Every day, there’s a new story about the political importance of gas prices. Apparently, voters jump to blame their leaders (especially the President) whenever they’re facing high prices at the pump.

Of course, this is complete nonsense. There is virtually nothing that American politicians can do to change the price of oil. Mitt Romney talks about the need to keep “supply” in line with demand, but he neglects to mention that the relevant quantities are world supply and world demand, and that the US has nowhere near enough oil to make a dent in world supply. Although producing more oil would be financially beneficial for the US, this is only for the very simple reason that selling oil earns money, not the tiny impact that higher US production would have on prices faced by consumers. (Norway has probably managed to figure this one out by now.)

At the same time, however, there is an even more important price that politicians around the country can change: the price of housing. Especially in major cities like New York, San Francisco, Washington and (gah!) Boston, a tangle of zoning and building restrictions makes housing far more expensive than the direct costs of supplying it would suggest. Changes in population from state to state are dominated by a general trend of moving to where housing is cheaper. The costs of shelter account for more than 20% of consumer expenditures. Clearly this a very, very important issue for consumers’ well-being—yet we don’t see a popular response that comes close to matching the ferocity of the reaction to gas prices.

To be fair, there is some response, and it usually takes the form of misguided measures like rent control or top-down efforts to provide “affordable housing”. But I think it’s fair to say that housing is, most of the time, much less salient as a political issue than energy.

Why is this? The obvious explanation is that richer and older people—the ones who vote—are disproportionately more likely to be homeowners. According to the Consumer Expenditure Survey, 89% of the top quintile are homeowners, compared to 40% of the bottom quintile. If we look at the data by age, roughly 80% of households led by people 55 and older own their own home, versus 14% for households led by someone under 25. Homeowners, of course, generally benefit from an increase in housing costs: they own an asset whose price reflects both housing costs today (which they have to pay whether or not they own a home) and housing costs in the future. Since most homeowners are going to die long before their houses or land become uninhabitable, an increase in those future housing costs leads to a direct increase in their real wealth. (Unless, of course, they care about their great-grandchildren’s wealth just as much as their own.)

Perversely, their incentive is to choke off the housing supply as much as possible, not look into ways to create affordable housing. And now, in a world where higher house prices are (mistakenly or not) viewed as essential to economic recovery, this manipulation even acquires an air of legitimacy.

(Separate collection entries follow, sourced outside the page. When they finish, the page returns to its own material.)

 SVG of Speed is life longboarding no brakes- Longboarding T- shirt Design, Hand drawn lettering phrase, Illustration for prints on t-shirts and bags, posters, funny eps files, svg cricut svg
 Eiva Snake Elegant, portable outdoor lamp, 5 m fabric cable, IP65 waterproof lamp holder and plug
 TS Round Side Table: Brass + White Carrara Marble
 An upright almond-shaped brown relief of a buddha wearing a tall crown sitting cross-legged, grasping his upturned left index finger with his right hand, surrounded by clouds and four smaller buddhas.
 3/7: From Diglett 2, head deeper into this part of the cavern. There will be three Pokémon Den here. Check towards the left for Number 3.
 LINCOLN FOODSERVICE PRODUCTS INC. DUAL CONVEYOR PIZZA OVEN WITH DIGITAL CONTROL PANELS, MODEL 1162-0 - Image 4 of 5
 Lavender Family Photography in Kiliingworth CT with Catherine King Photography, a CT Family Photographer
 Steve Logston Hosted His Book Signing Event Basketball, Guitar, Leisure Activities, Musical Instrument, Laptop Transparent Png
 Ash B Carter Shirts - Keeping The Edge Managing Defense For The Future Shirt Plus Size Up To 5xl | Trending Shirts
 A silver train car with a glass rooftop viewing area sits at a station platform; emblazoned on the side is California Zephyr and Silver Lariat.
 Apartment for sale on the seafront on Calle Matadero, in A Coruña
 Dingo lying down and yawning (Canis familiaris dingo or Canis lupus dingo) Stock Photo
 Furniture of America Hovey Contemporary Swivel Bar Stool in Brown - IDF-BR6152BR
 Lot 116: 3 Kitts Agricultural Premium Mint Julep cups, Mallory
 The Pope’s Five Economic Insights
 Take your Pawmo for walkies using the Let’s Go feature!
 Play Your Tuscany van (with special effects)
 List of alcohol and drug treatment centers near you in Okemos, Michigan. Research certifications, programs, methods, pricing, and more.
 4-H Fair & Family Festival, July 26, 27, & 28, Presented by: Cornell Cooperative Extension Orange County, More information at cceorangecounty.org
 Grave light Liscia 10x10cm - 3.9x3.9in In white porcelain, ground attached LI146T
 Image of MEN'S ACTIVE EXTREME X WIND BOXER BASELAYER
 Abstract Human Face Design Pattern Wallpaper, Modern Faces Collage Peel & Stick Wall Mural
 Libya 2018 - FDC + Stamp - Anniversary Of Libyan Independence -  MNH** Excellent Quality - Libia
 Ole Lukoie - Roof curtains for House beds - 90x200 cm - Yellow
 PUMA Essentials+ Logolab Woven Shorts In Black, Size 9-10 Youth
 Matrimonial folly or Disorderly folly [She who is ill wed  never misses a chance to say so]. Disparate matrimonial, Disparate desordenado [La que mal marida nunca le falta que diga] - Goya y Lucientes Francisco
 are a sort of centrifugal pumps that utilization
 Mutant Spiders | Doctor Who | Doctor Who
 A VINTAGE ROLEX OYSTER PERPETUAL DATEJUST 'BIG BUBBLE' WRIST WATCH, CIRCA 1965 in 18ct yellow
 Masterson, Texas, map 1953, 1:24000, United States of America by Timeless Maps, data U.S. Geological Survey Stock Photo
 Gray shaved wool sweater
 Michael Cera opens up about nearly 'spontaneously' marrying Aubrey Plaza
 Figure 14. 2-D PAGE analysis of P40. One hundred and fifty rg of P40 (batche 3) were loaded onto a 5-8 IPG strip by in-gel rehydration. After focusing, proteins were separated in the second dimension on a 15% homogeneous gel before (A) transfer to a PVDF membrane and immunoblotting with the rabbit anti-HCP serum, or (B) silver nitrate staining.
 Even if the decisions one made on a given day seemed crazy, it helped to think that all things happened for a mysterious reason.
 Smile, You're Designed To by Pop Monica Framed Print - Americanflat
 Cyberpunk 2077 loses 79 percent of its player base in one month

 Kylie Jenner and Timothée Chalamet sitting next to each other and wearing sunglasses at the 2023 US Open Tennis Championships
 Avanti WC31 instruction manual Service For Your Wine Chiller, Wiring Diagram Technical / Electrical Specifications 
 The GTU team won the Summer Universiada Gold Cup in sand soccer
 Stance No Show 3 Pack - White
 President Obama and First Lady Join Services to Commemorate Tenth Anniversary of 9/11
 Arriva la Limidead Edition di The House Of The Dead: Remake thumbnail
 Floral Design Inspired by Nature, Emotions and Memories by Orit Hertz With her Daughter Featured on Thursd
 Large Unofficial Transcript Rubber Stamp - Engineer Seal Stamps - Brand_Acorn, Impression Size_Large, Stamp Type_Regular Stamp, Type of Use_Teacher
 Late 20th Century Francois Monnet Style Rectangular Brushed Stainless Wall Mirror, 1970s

With energy prices, on the other hand, there’s an element of politicians creating their own reality. Since energy encounters price spikes so frequently, it’s an obvious target for popular anger, and thus an easy target for political pandering. Even if there’s absolutely nothing they can do on the issue, politicians are forced to say something about it. And since politicians talk about energy prices so much—and those prices become perceived as a legitimate topic of political debate—voters assume that government must be able to have some impact.

Meanwhile, hardly anyone in the US—save for Alaskans and investors piling into Exxon Mobil stock—benefits from high energy prices. It’s hard to imagine anything less politically risky than complaining about the price of gas. And so we’re left with a bizarre distribution of political attention: massive coverage of a less important price that we can’t change, but relatively minor interest in a more important price that we can.